How it Works: ScannerEdge is installed in strategic locations, configured via Bluetooth through a smartphone app, and calibrated to local RF conditions. Training includes understanding signal detection, troubleshooting, and device maintenance.

On-site, hands-on training yields better outcomes than theoretical sessions alone.

Operators need to understand both the technical and practical implications of the data collected.

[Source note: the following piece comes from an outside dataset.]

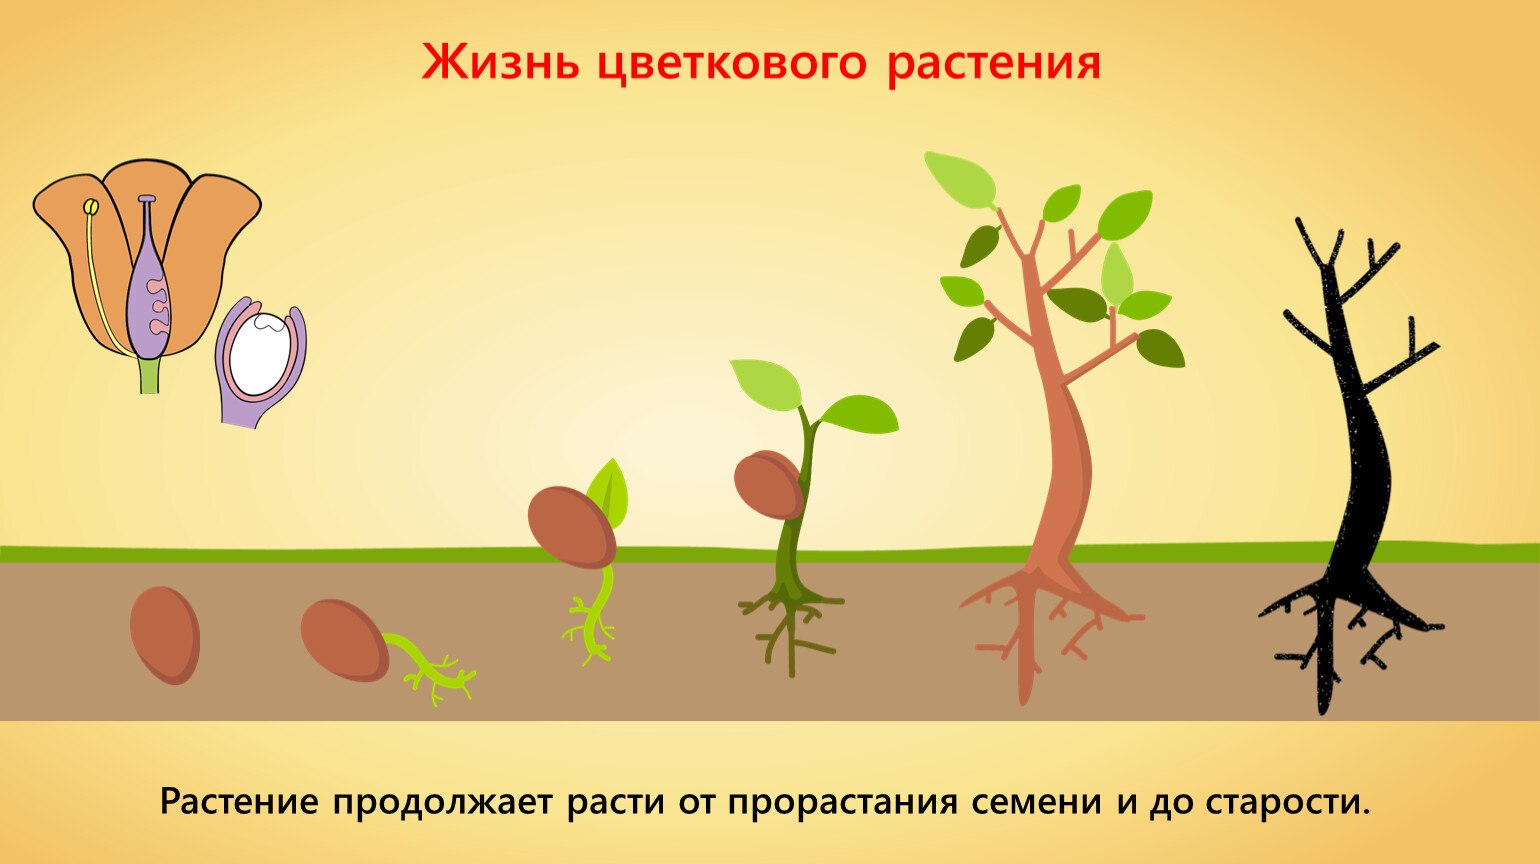 Развитие цветкового растения. Жизнь растений Тимирязева. Формирование организма. Жизнь цветкового растения начинается с семени.

Regular follow-ups improve long-term device functionality and user confidence.

Connecting the public

Connecting the public: This mini program aims to promote the mainstream of biodiversity conservation by desensitizing current monitoring data in the industry and designing low threshold interactions for the traditional data labeling process. This allows the public to participate in the training process of biodiversity models in a more accessible and intuitive way through the mini program. On the one hand, the public can enjoy and learn about the most authentic protection monitoring images through the form of "playing games"; On the other hand, the power of the public can be utilized to continuously train a universal model of biodiversity, achieving the goal of citizen science in the process.
Through product design, 'Wild Friends' breaks down the process of annotating and verifying institutional data into tool based tasks, reducing the initial training costs of institutions. With simple guidance, volunteers or the general public can complete basic annotation content.
The first step is to check for the presence of animals (manually identified or judged by AI);
Step two, estimate the number of animals (manually determined);
Step three, select animals (manually or through AI evaluation of selection accuracy);
Step four, identify the name of the animal (manually selected or judged by AI);
Step five, randomly allocate cross validation in the background. Ensure the accuracy and consistency of data.
 

AI Species Recognition

AI species recognition: This product uses AI recognition as the underlying technology, with endangered species as the core recognition object. It trains a large biodiversity recognition model that can support monitoring of mountains, rivers, forests, fields, lakes, grasses, and sands systems. The model is free and open to public welfare organizations dedicated to biodiversity conservation, such as research institutes, conservation organizations, and individuals. The reason why "wild friends" are so powerful is because they have a powerful "engine": YOLO World.
As the underlying universal model of 'wild friends', its primary characteristic is strong learning ability. It has powerful multimodal zero sample recognition and few sample recognition capabilities, which means it can quickly identify animal location regions and species information of multiple species through a small number of samples. For example, to recognize a new species, traditional models require thousands of photos and several days of training; YOLO World only requires a small number of photos and training iterations to achieve rapid adaptation.
Secondly, it has a high degree of tolerance. No longer limited to training and prediction of specific species, it has strong open vocabulary recognition ability and zero sample recognition ability, and can accurately identify and locate untrained species. For example, traditional models can only recognize trained species such as tigers and antelopes; The new model can also recognize snow leopards and foxes simultaneously - even if it has never trained these two animals before.
Another advantage of "wild friends" is that they spend less money. Common AI models heavily rely on high-performance acceleration cards, which result in high costs for both hardware environment and maintenance operations.